Dataset excerpt below:

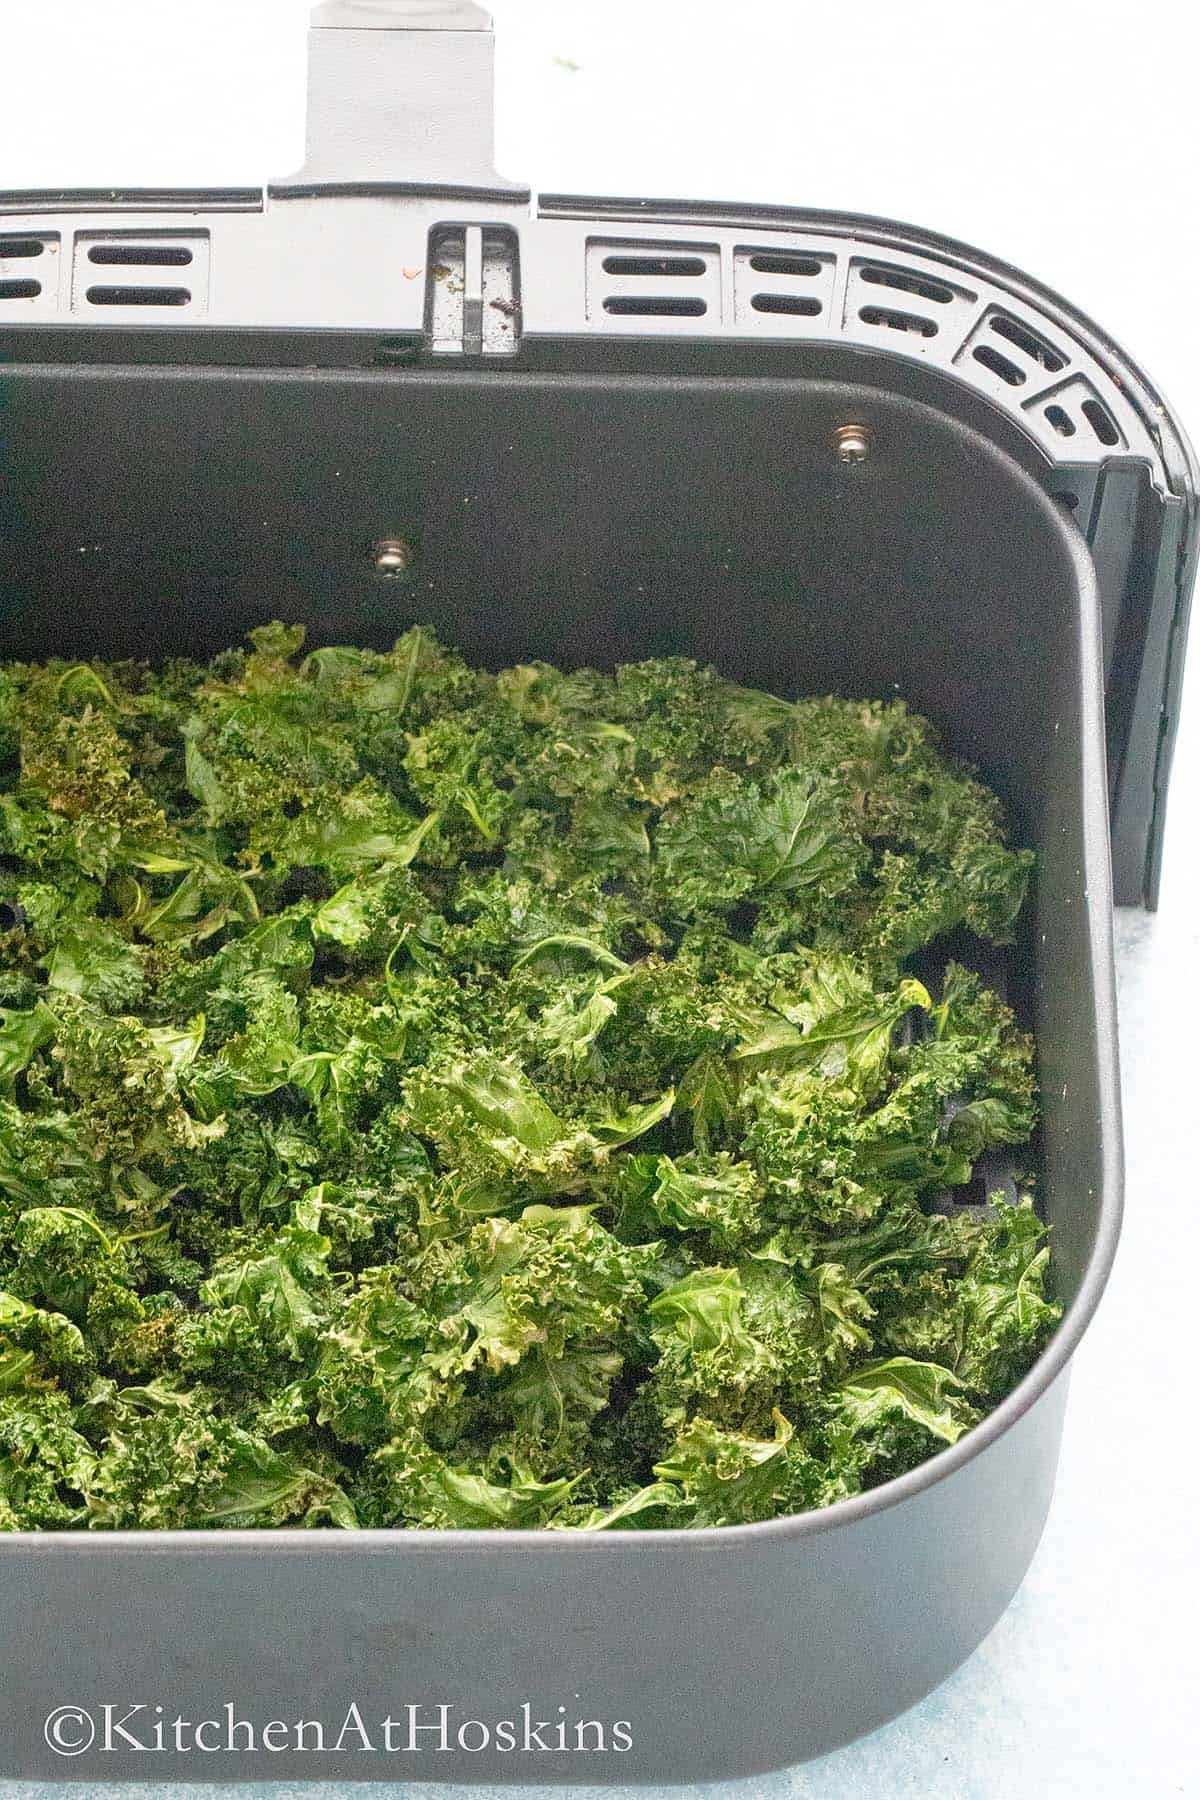 crispy kale chips in an air fryer basket.
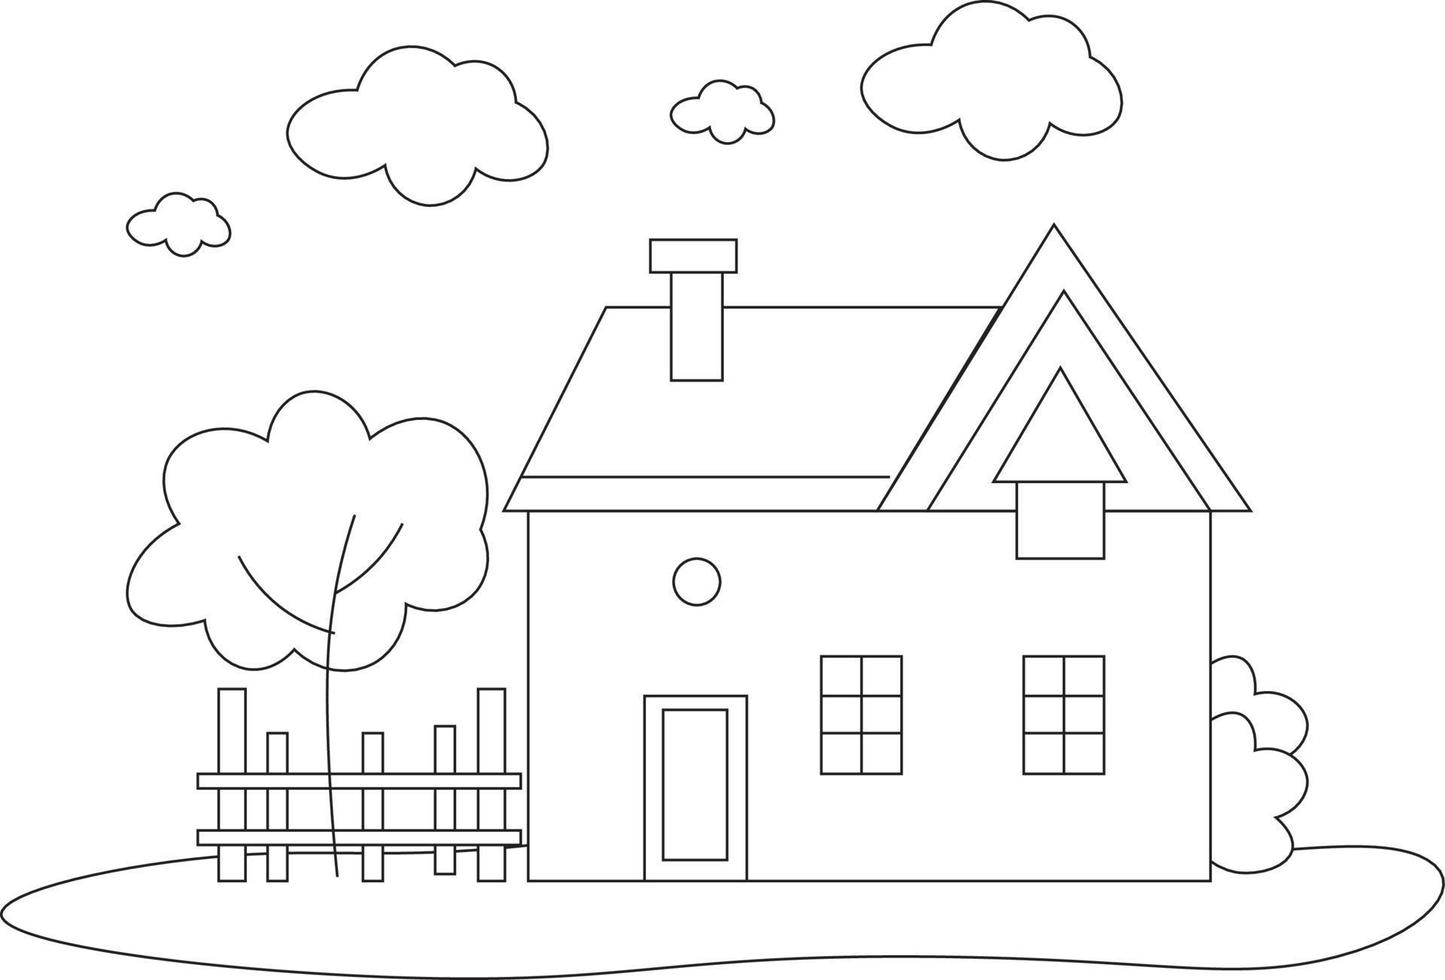 disegno della pagina da colorare della casa. disegno di pagina da colorare per bambini. semplice disegno della pagina da colorare. vettore
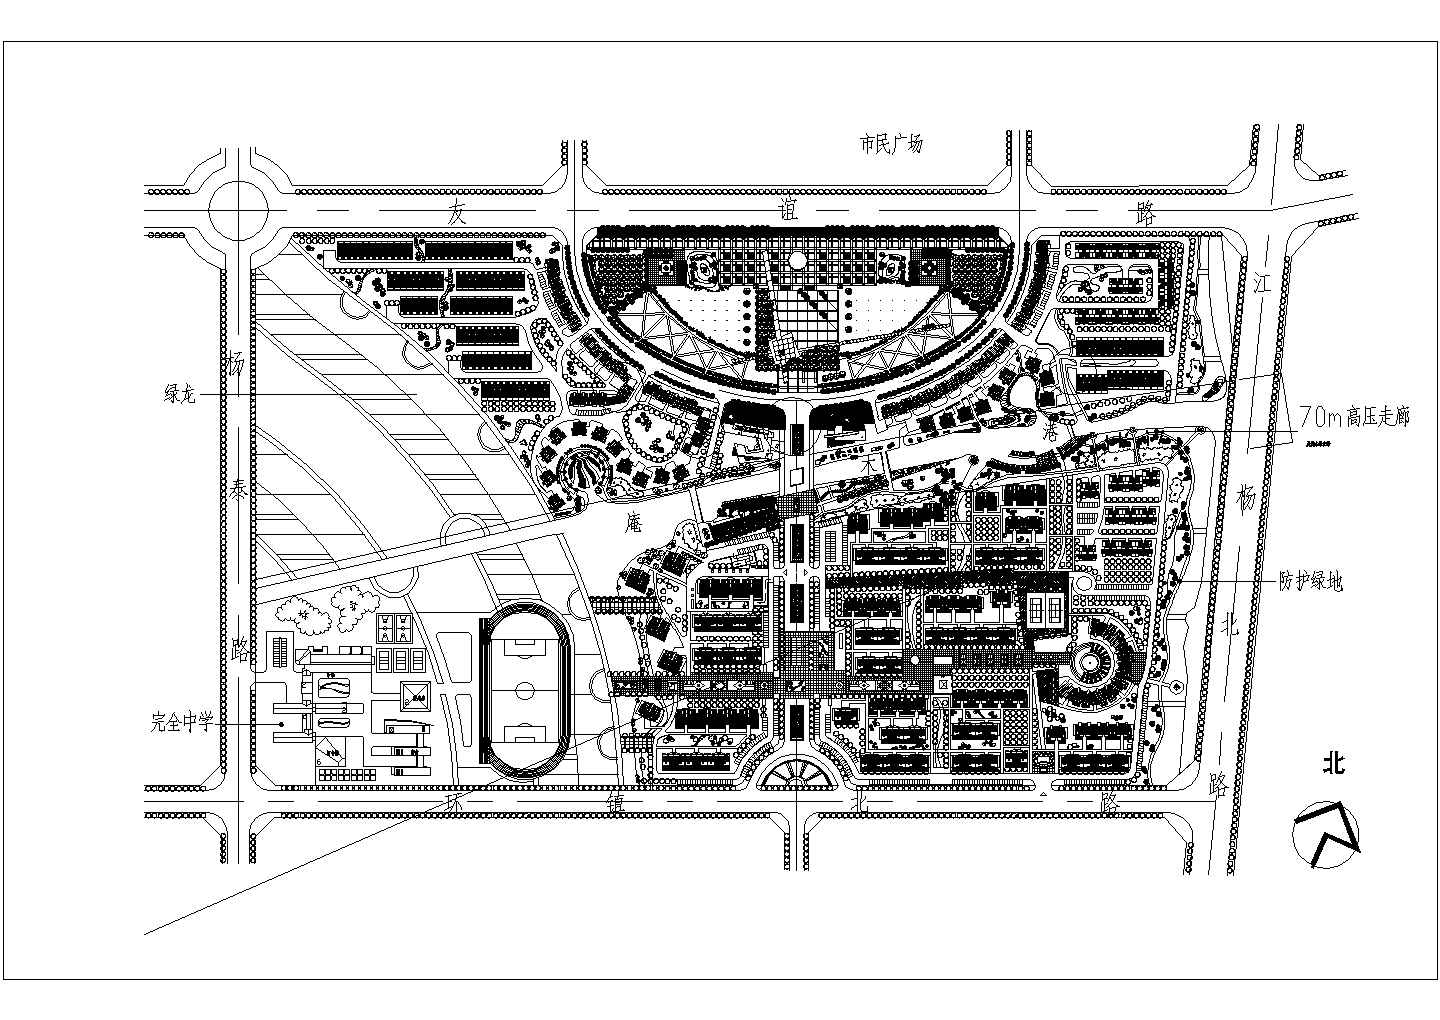 上海市郊区某地万科CAD设计规划图
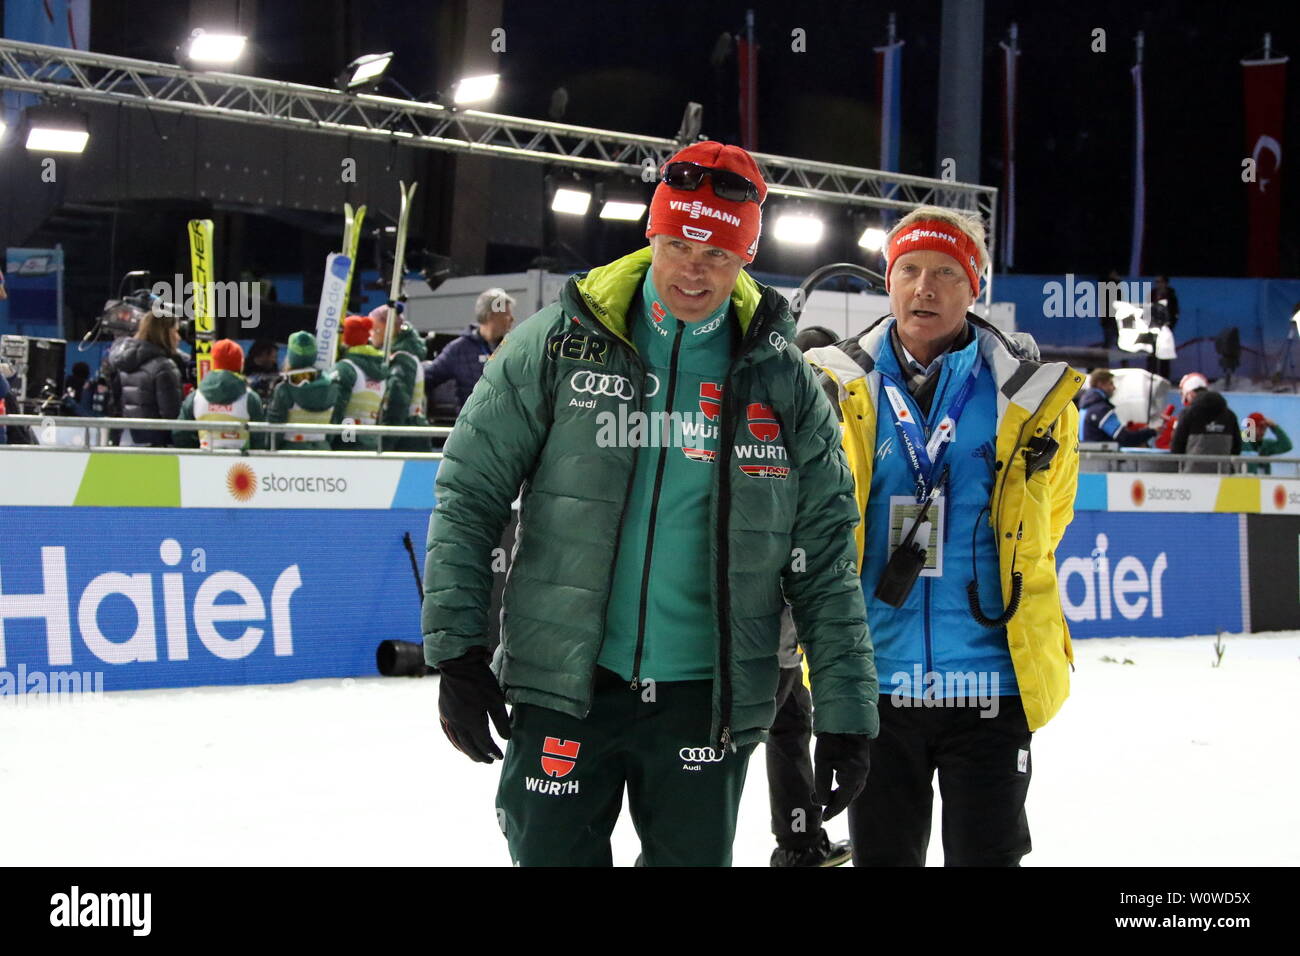 Frauen Bundestrainer Andreas Bauer (Oberstdorf) und Walter Hofer (FIS-Race-Direktor) auf dem Weg zur Siegerehrung für das Mixed Team Skispringen, FIS Nordische Ski-WM 2019 in Seefeld Stock Photo

End of Dataset excerpt.

The problem
Only the pictures are to be left out; write out all the other data exactly.

Task solution
 crispy kale chips in an air fryer basket.
 disegno della pagina da colorare della casa. disegno di pagina da colorare per bambini. semplice disegno della pagina da colorare. vettore
 上海市郊区某地万科CAD设计规划图
 Frauen Bundestrainer Andreas Bauer (Oberstdorf) und Walter Hofer (FIS-Race-Direktor) auf dem Weg zur Siegerehrung für das Mixed Team Skispringen, FIS Nordische Ski-WM 2019 in Seefeld Stock Photo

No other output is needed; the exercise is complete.